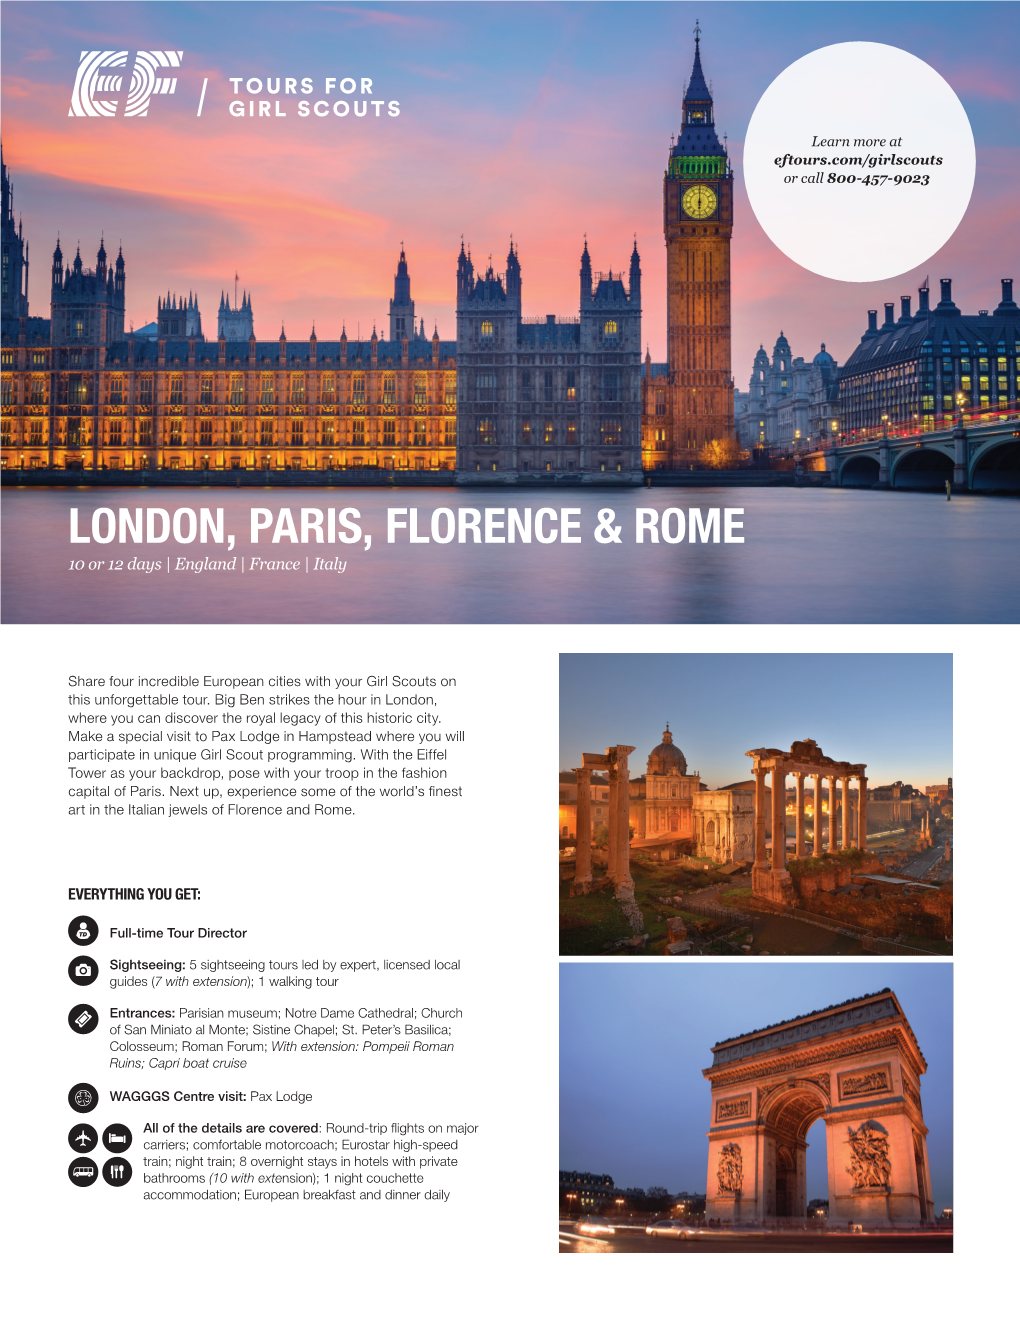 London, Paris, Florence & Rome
---
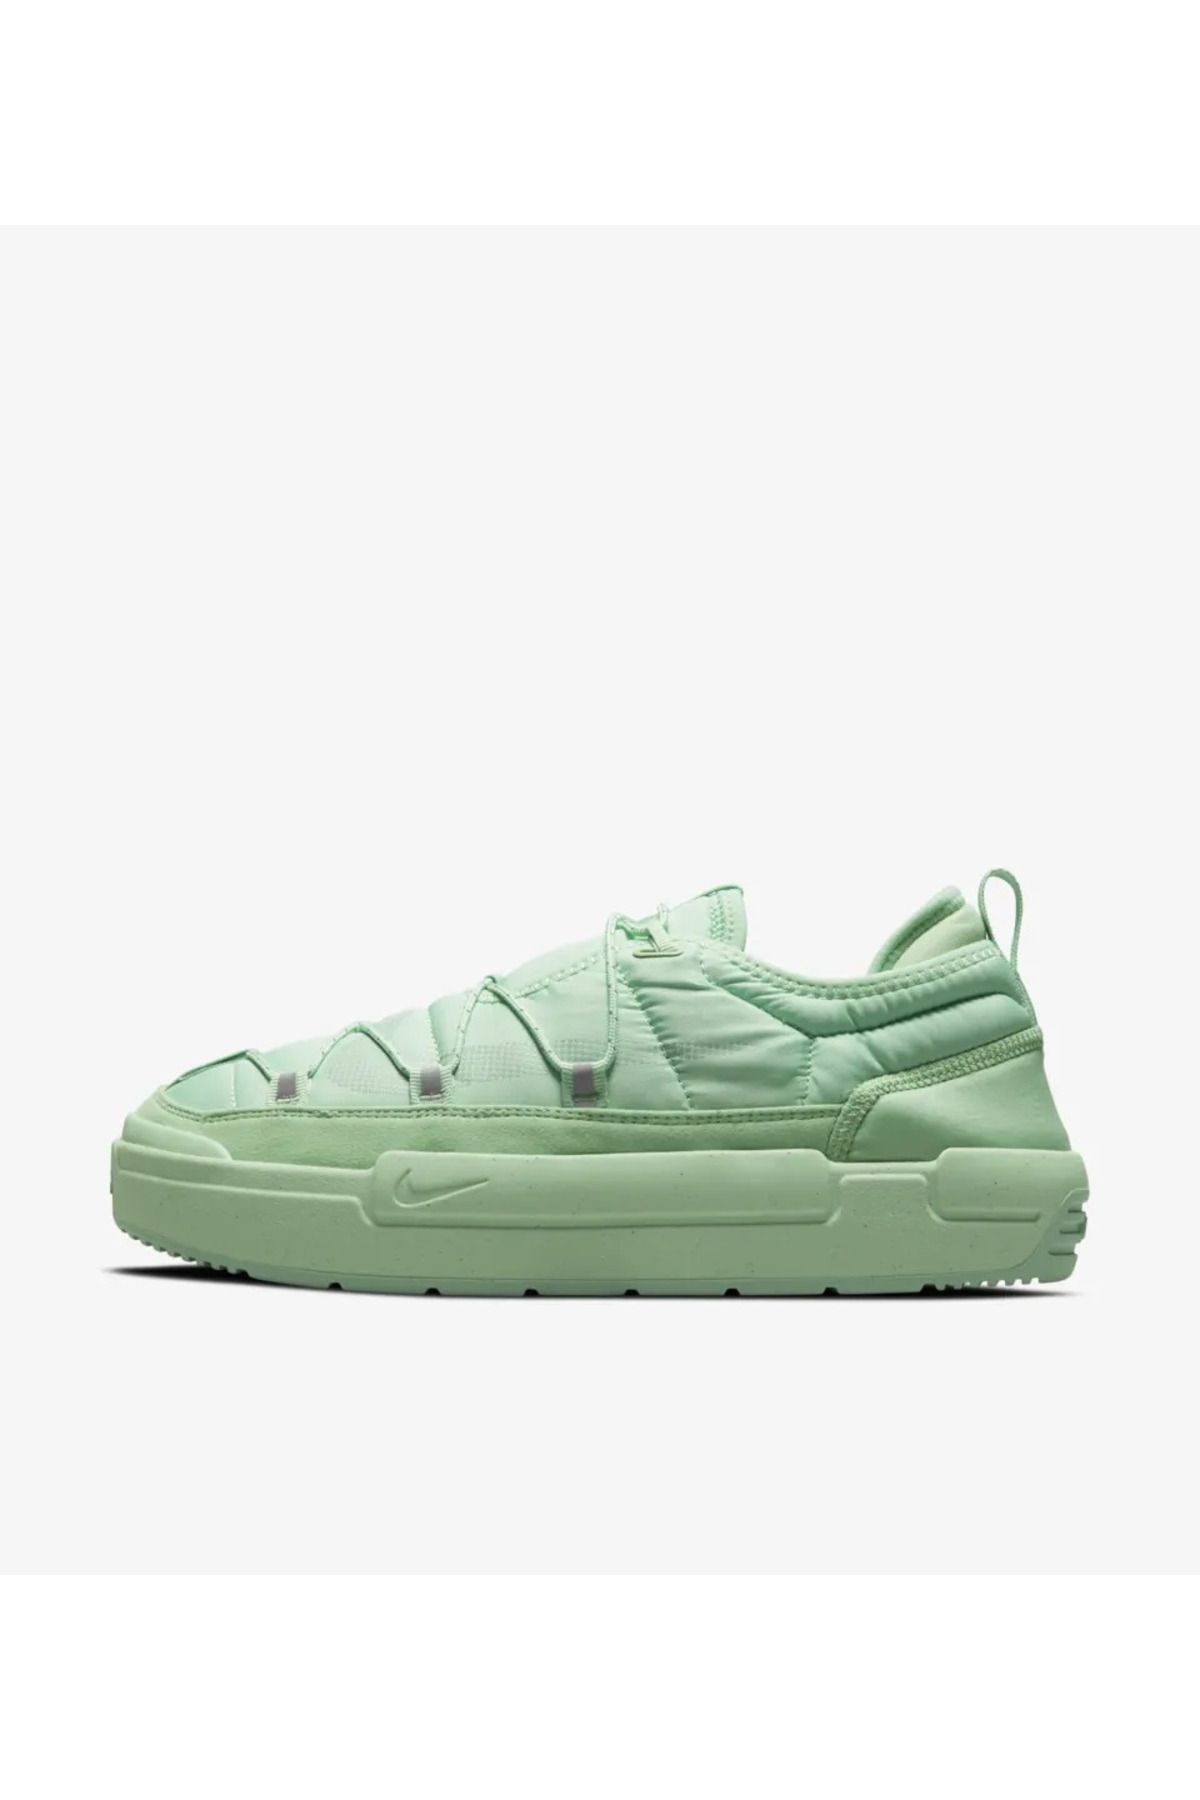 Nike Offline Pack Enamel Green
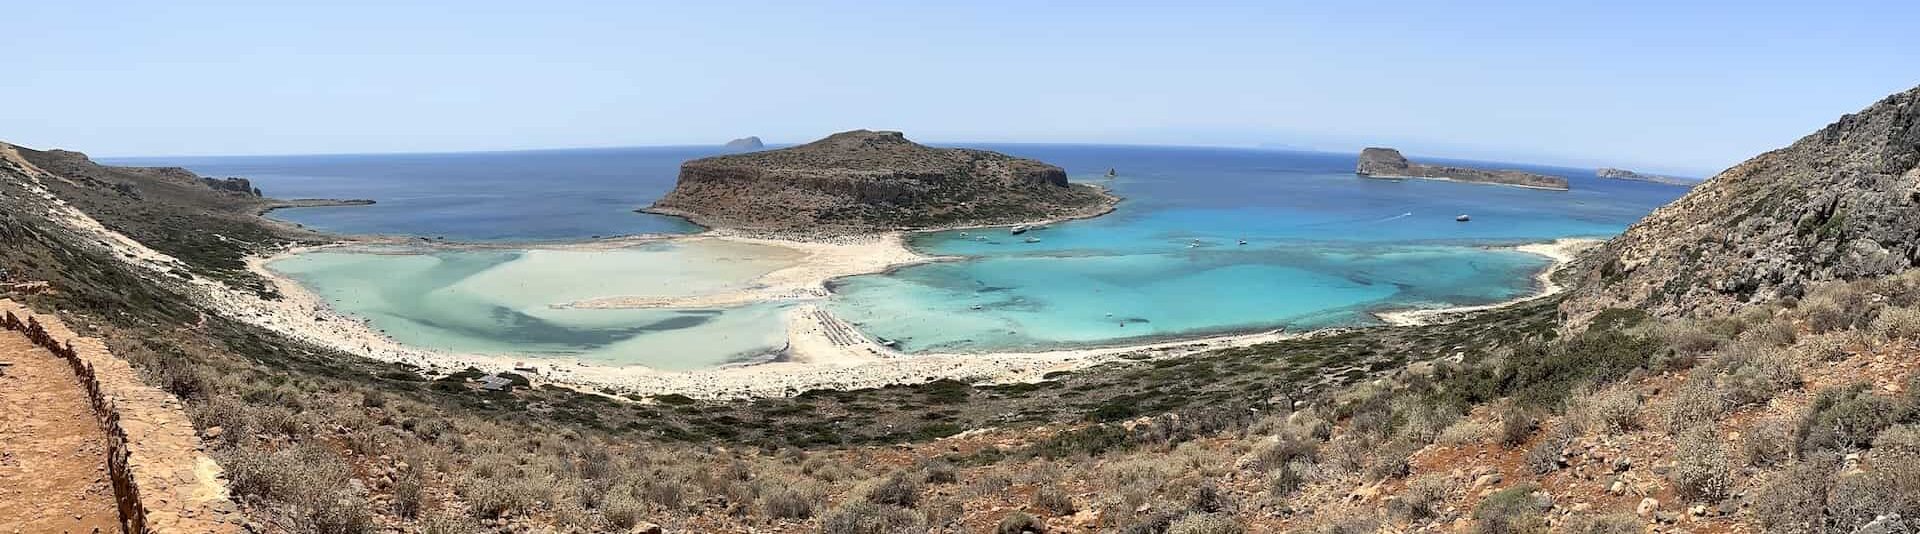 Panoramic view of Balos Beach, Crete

* What is needed
Among the entries above, take the lines from the one with "Nike Offline Pack Enamel Green" through the one with "Panoramic view of Balos Beach, Crete" and retype them exactly, leaving out the pictures.

* Exercise answer
 Nike Offline Pack Enamel Green
 Panoramic view of Balos Beach, Crete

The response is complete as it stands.